There was no central data source for the entities but only the rule that
an entity should be annotated with all available data at first occurence
in the document and then for any further occurence with as much
information as is needed to distinguish it from an entity with the same
This approach worked somewhat for 2 domain experts annotating in Word
but in the end a lot of proof reading the annotations was necessary
because the annotators made hardly visible mistakes.
In hindsight I would have invested more time to customize Word for
stricter input checking and suggestions.
If you find this useful please take it as an inspiration.

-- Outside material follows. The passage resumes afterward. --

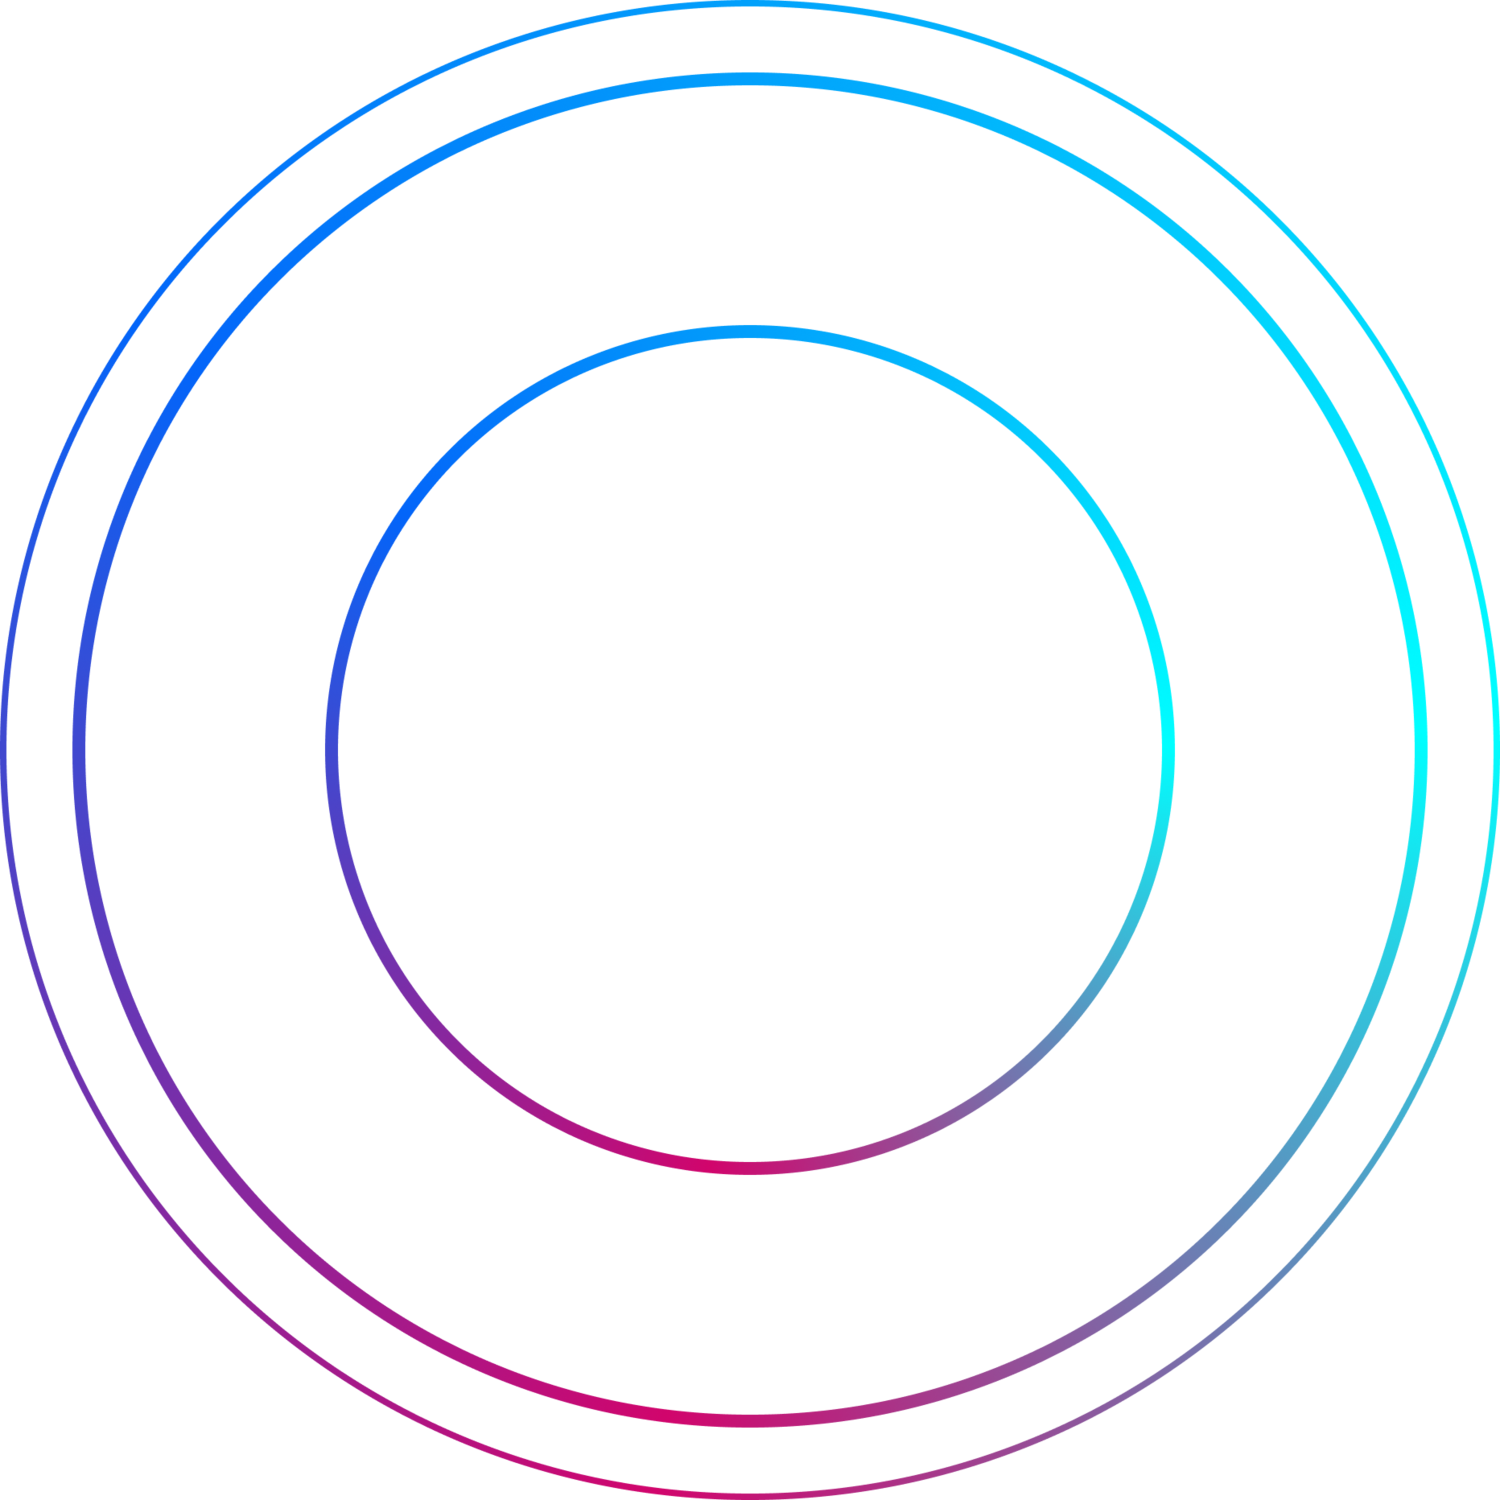 imagen-del-bootcamp-<p>Bootcamp Mobile<span style="color: rgb(209, 5, 108);"> iOS</span></p>

Am 09.11.2017 um 16:22 schrieb Ron Van den Branden:
> A digital edition project we're assisting in is trying to engage a
> limited group of volunteers for transcribing letters, creating basic
> annotations, and identifying named entities in the texts. The project
> context is quite challenging, since budget is limited, the project is
> building on previous efforts which had produced basic Word
> transcriptions, and the volunteers are domain experts without any
> desire to extend their human-computer interaction beyond basic office
> software. Hence, we've tried to accommodate this in a word
> processor-based workflow for the "volunteer phase", after which the
> docs will be transformed and the TEI life of these texts begins.
> Against this backdrop, I'm looking for a way to enable the volunteers
> to identify named entities in the texts. Transcription-wise, I think
> this is feasible in a word processor by identifying them as hyperlinks
> and have the URL point at least to an unique ID code, or ideally to a
> valid URL where the available information can be viewed. Either the ID
> code or a field in each record can then contain type information that
> could help in the transformation to TEI. Of course, this requires an
> external data source to link to, and this is still a major concern.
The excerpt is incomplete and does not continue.